(Bloomberg) -- With stocks clawing back from a deep sudden swoon, Wall Street is chattering about the market Cassandra who warned that this would happen, until it cost him his job: former JPMorgan Chase & Co. strategist Marko Kolanovic.
The celebrity bear’s abrupt departure from the banking behemoth on July 3 after a 19-year stint had finance pros wondering if it was a sign of a market top, since prominent pessimists are typically shown the door during market frenzies. Now he increasingly appears to be vindicated. And Wall Street is noticing, at least based on what traders and strategists are saying on social media and in emails and texts to reporters.
The S&P 500 Index just concluded its worst three-day run since June 2022, and while it’s up Tuesday, Monday was its biggest one-day decline in nearly two years. The US stock benchmark is down roughly 5% in the five weeks since Kolanovic left JPMorgan, and the technology-heavy Nasdaq 100 Index has lost more than 10% to enter a technical correction.
“While market tops and bottoms are processes, Kolanovic’s departure came at what is essentially the exact top for stocks, particularly for mega cap tech, making the event even more legendary less than a month after it occurred,” said Dave Mazza, chief executive officer at Roundhill Investments.
READ: Kolanovic Departure Triggers an Echo on Wall Street From 1999
Kolanovic did not respond to multiple requests for comment.
Comments rippled across financial Twitter during Monday’s stock cascade, with everyone from retail to professional investors discussing the celebrity forecaster.
Before his departure, Kolanovic was one of few vocal pessimists left on Wall Street as stocks staged a ferocious rally that began last fall. Despite the latest selloff, the S&P 500 is up almost 28% since bottoming on Oct. 27. Peers at megabanks like Goldman Sachs Group Inc., Citigroup Inc., and Deutsche Bank AG steadily lifted their US stock forecasts. Even Wall Street’s other prominent bear, Morgan Stanley strategist Mike Wilson, loosened his bearish view.
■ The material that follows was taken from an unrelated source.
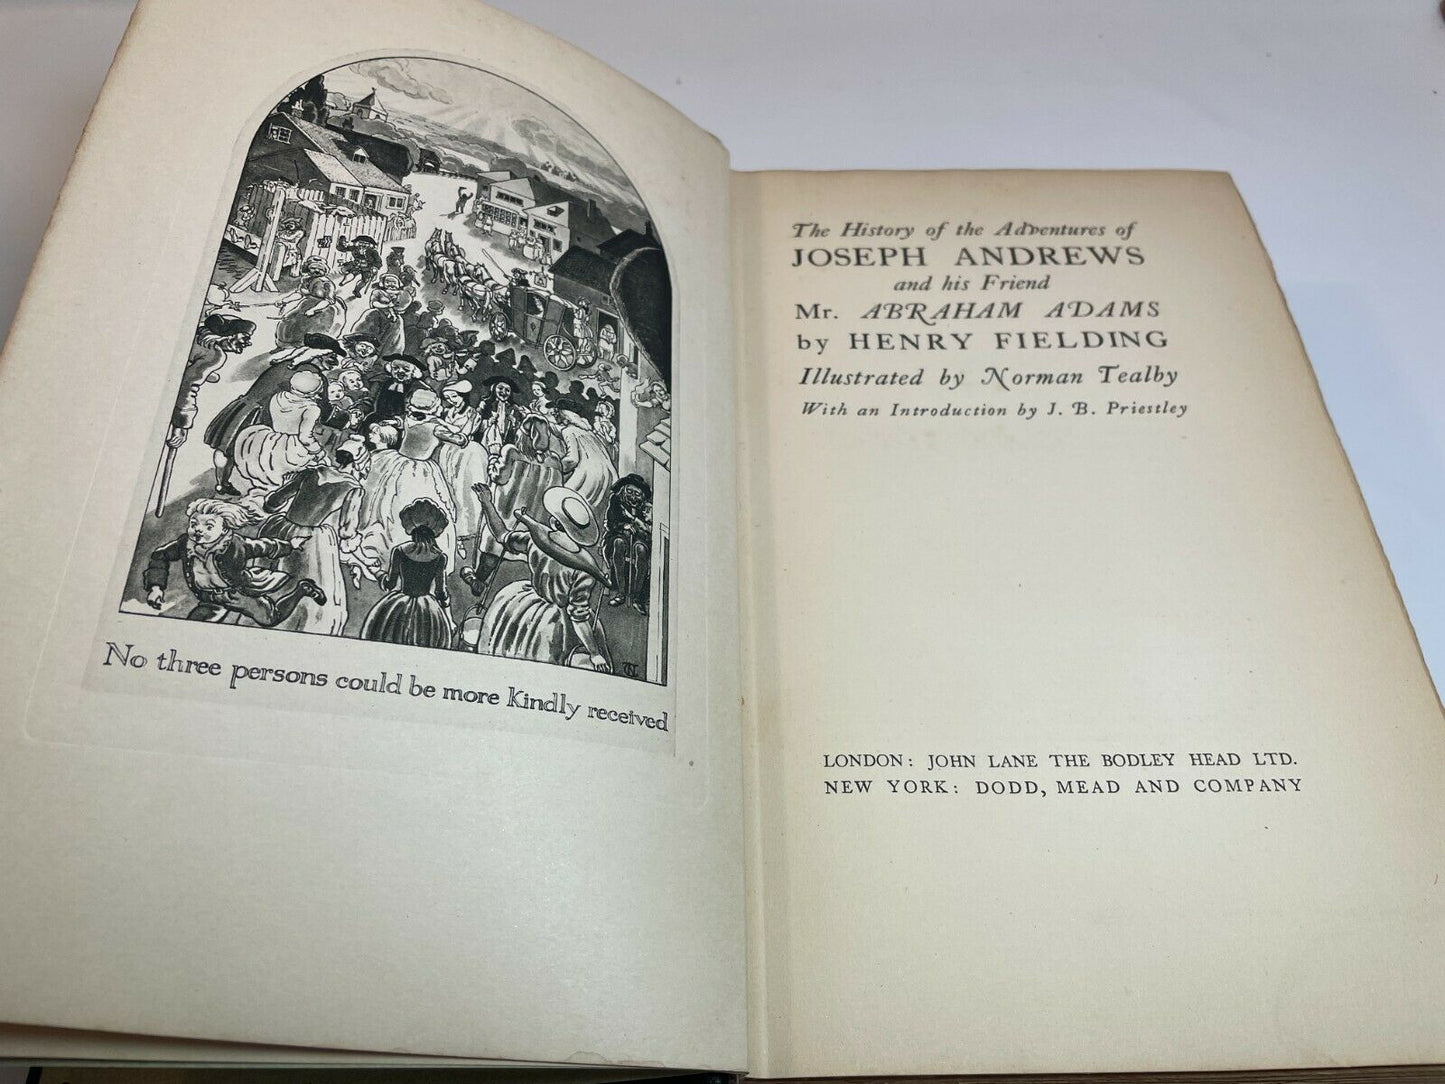 The History of the Adventures of Joseph Andrews & his Friend, Fielding,1929, B3

But Kolanovic held firm. He saw mounting headwinds, from a slowing economy to a rapid momentum unwind within the technology high-fliers that comprised much of the market’s gains. After his exit, Wall Street pros compared the departure to that of Charles Clough in 1999, who left Merrill Lynch & Co. after his bearish calls failed to materialize through the relentless dot-com rally. By 2000 the tech bubble began to unwind.
“The market tends to sacrifice one prominent bear just before it flames out,” said Steve Sosnick, chief strategist at Interactive Brokers. “We won’t know for some time whether that is indeed Marko, but I found the timing to be rather auspicious then, and still do.”